I find myself looking back often with a smile, as perplexed as I may be and how bad of a memory I have, I still see a different version of my old movies spin on my wreel when I pass the same intersections that haven't changed since I was little...the songs that come on that can remind me of certain smells from my past...the scar I see on my chin when I make a funny face in the mirror...the feeling I get when buy a polaroid camera for my son....and when I look at a compass which always brings me back to where I'm going and where I've been.

Would you change directions on your compass if you could go back?

All the right people would say no - it doesn't matter - what matters is right now.

I say it's a thought worth thinking about because moving in any direction is a lesson one way or the other. Maybe that's why I like how a compass works...

When it's held steady the needle points to its magnetic pole.
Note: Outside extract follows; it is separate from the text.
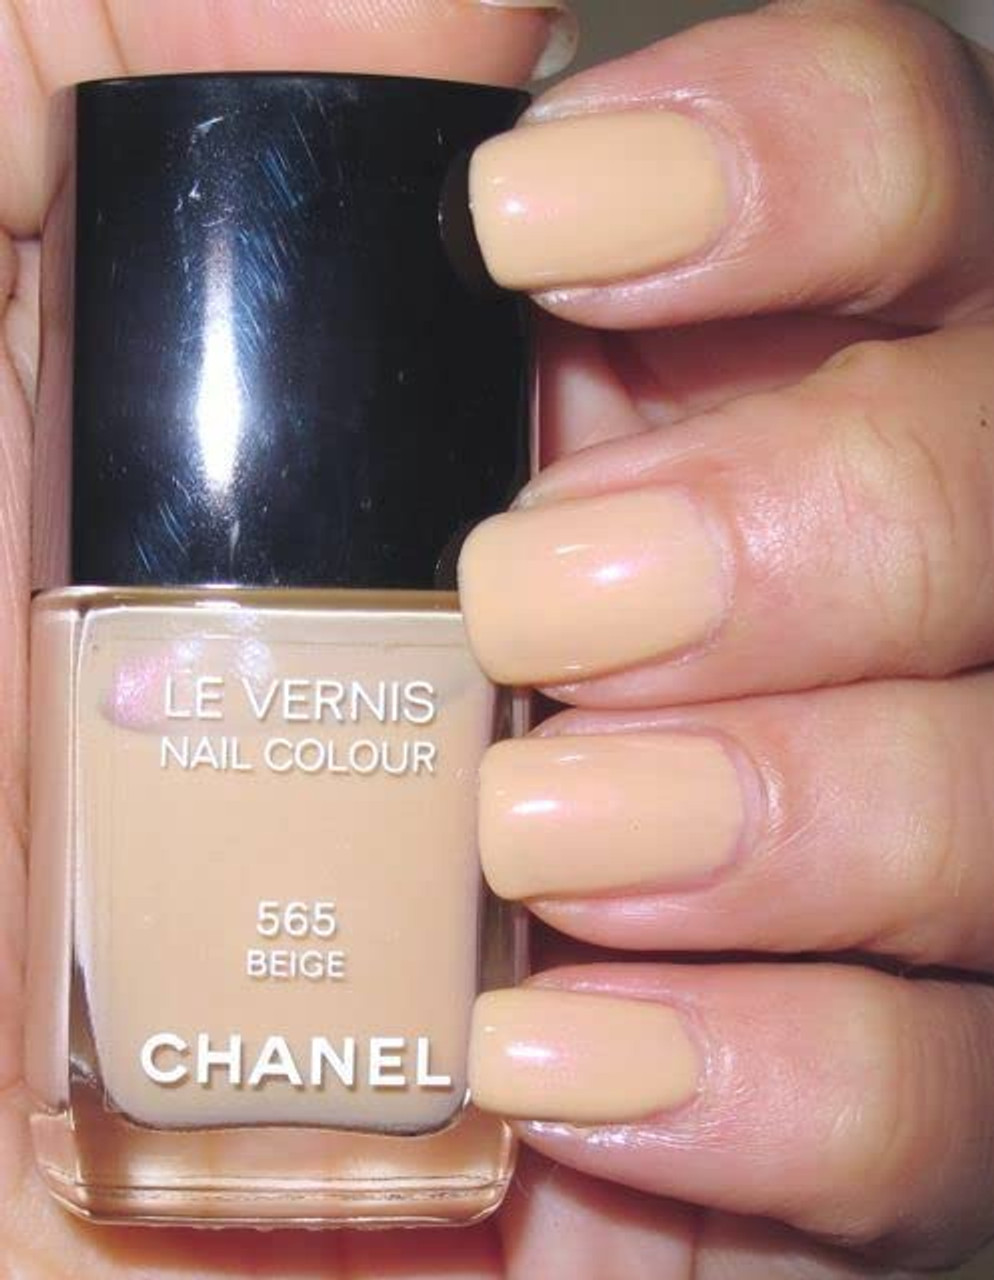 Chanel Le Vernis Nail Colour 565 Beige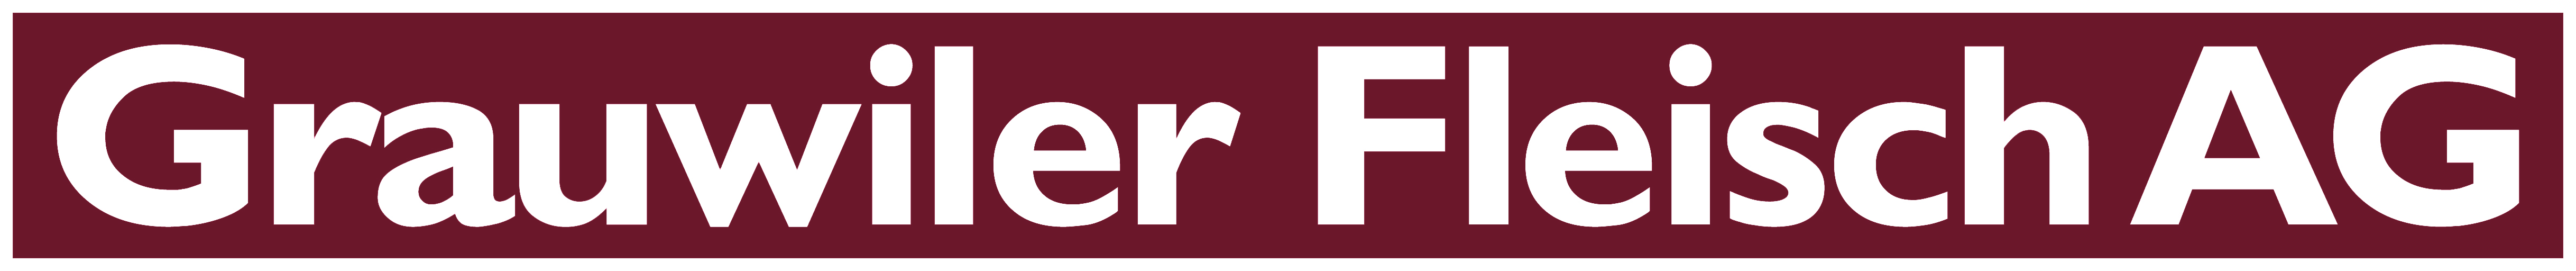 Grauwiler_logo

It's soul.
You have to first be still to know to move forward or backward.

I'm moving still.....

Are you?

 ~The future comes one day at a time, no matter which direction you move.
And the past is still moving in you ~



Friday, April 19, 2013

dont' be scared


What binds you?
What holds you back?
  Is it something you can see in front of you? Behind you?
or do you just feel the fear of cutting the strings?
the strings...the bars....
the cage....

I was told that yesterday was
 National Poem-in-Your-Pocket-Day (interesting),
so it's no surprise to me that this very poem came home in my four-year-old son's pocket.

And in this poem, this is what bound Ted Kooser, an American poet: 

Breezy and warm

A round hay bale,
brown and blind, all shoulders,
huddled, bound tightly
by sky blue nylon twine.
Just so I awoke this morning, 
wrapped in fear.

Oh, red plastic flag on a stick
stuck into loose gravel,
driven over, snapped off,
propped up again and again,
give me your courage.

Ah, finally! Someone else in this world looks at objects wrapped up too tightly and feels their pain, envies other objects for their resilience.  
And oh, how grateful I am to recognize that it's because this feeling is no longer a part of my feeling vocabulary.

Bounded only by how much I've set myself free,
only how far the pendulum has swung in the opposite direction.

May you become untangled from all that binds you
and become free of the fear of being let go - and letting go.



Sunday, April 14, 2013

I'd like to thank my rental car

As I drove away in my rental car that would be mine for the next three weeks
I thought to myself what a piece of JUNK!
It smells like old smoke, sounds like it's way out of shape
and of course where are all the bells and whistles on this thing??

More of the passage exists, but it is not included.